Monday morning we went to the perinatologists, and spoke first
with a social worker. She gave us information about grief groups,
funeral homes, and milk banks (this last at my request), and gently
told a little bit about what we might expect of the grieving process.
Then we saw a nurse and the perinatologist. He did a brief physical
exam of me (heart, lungs, etc) and then took a look with the ultrasound.
There was indeed still no fluid. I actually hadn't been feeling kicks
for a little while, and so was afraid the baby may have already died,
but her heart was still beating. The perinatologist then placed
the laminaria, to which my body took offense! He went out for a moment,
and then came back to tell us that I was already dilated enough
that we could move the induction up to Tuesday.

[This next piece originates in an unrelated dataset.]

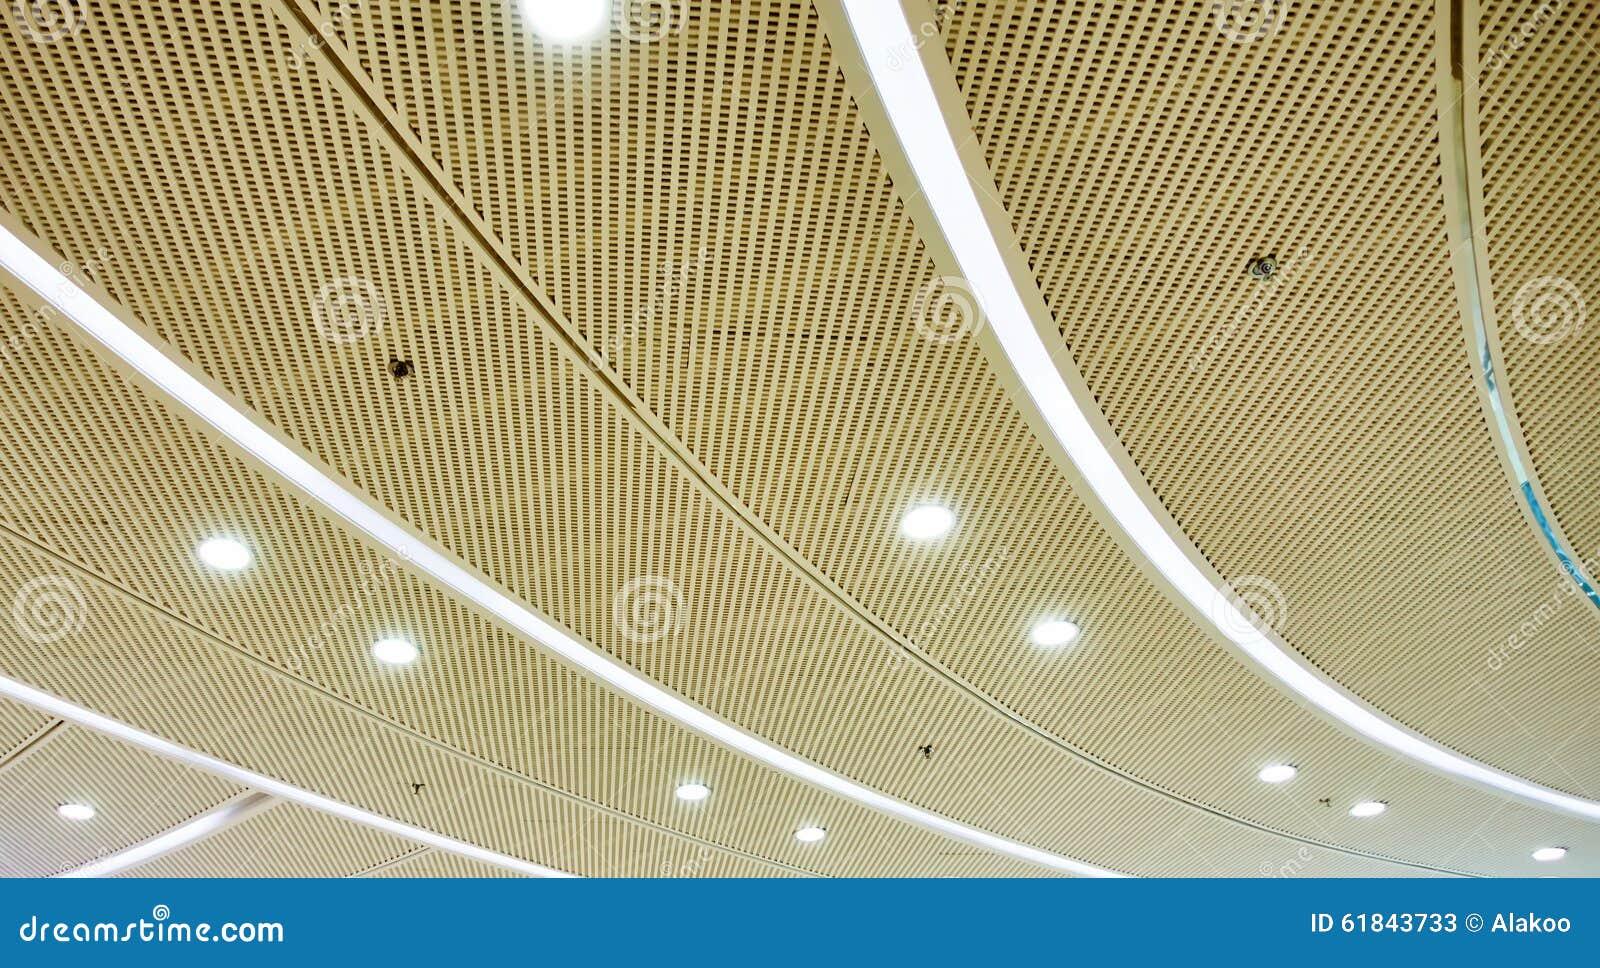 Led deckenbeleuchtung stockfoto   bild: 61843733

They rescheduled
all that for us.

The laminaria were pretty awful, but things settled down about an hour
or so after they were placed. Around 6:30 I started having
contractions every 10 minutes. At 7:30 they switched to every 5
minutes, and I called the doctor. She said to take some Ibuprofen,
and call back in an hour. An hour later I called back to say that
they had spaced out some, but were still continuing. I spoke with a
nurse-midwife who said that I had in fact probably reached the peak of
what would happen that night, but to call back if it got more intense,
or if I had a lot of bleeding. Sure enough, they contractions petered
out by 10pm. I think what happened was that they had pretty much
expanded as much as they could at that point. One nice thing about
the laminaria is that they provided some welcome respite from all the
discharge I'd been having -- they work by absorbing it.

The next morning we got to the hospital around 7:45am (a bit later
than scheduled, because of traffic), and got checked in. It turns out
there wasn't that much of a hurry, since the nurse needed to wait for
the doctor (the same perinatologist we'd seen the previous Thursday)
to arrive before starting much of anything. I had high hopes that
they would soon take the laminaria out, but the doctor decided they
should stay in as long as possible to get maximum benefit. The
birthing sweet was really nice, with a jacuzzi tub (didn't use it),
TV and sound system, windows with a pretty view to the East...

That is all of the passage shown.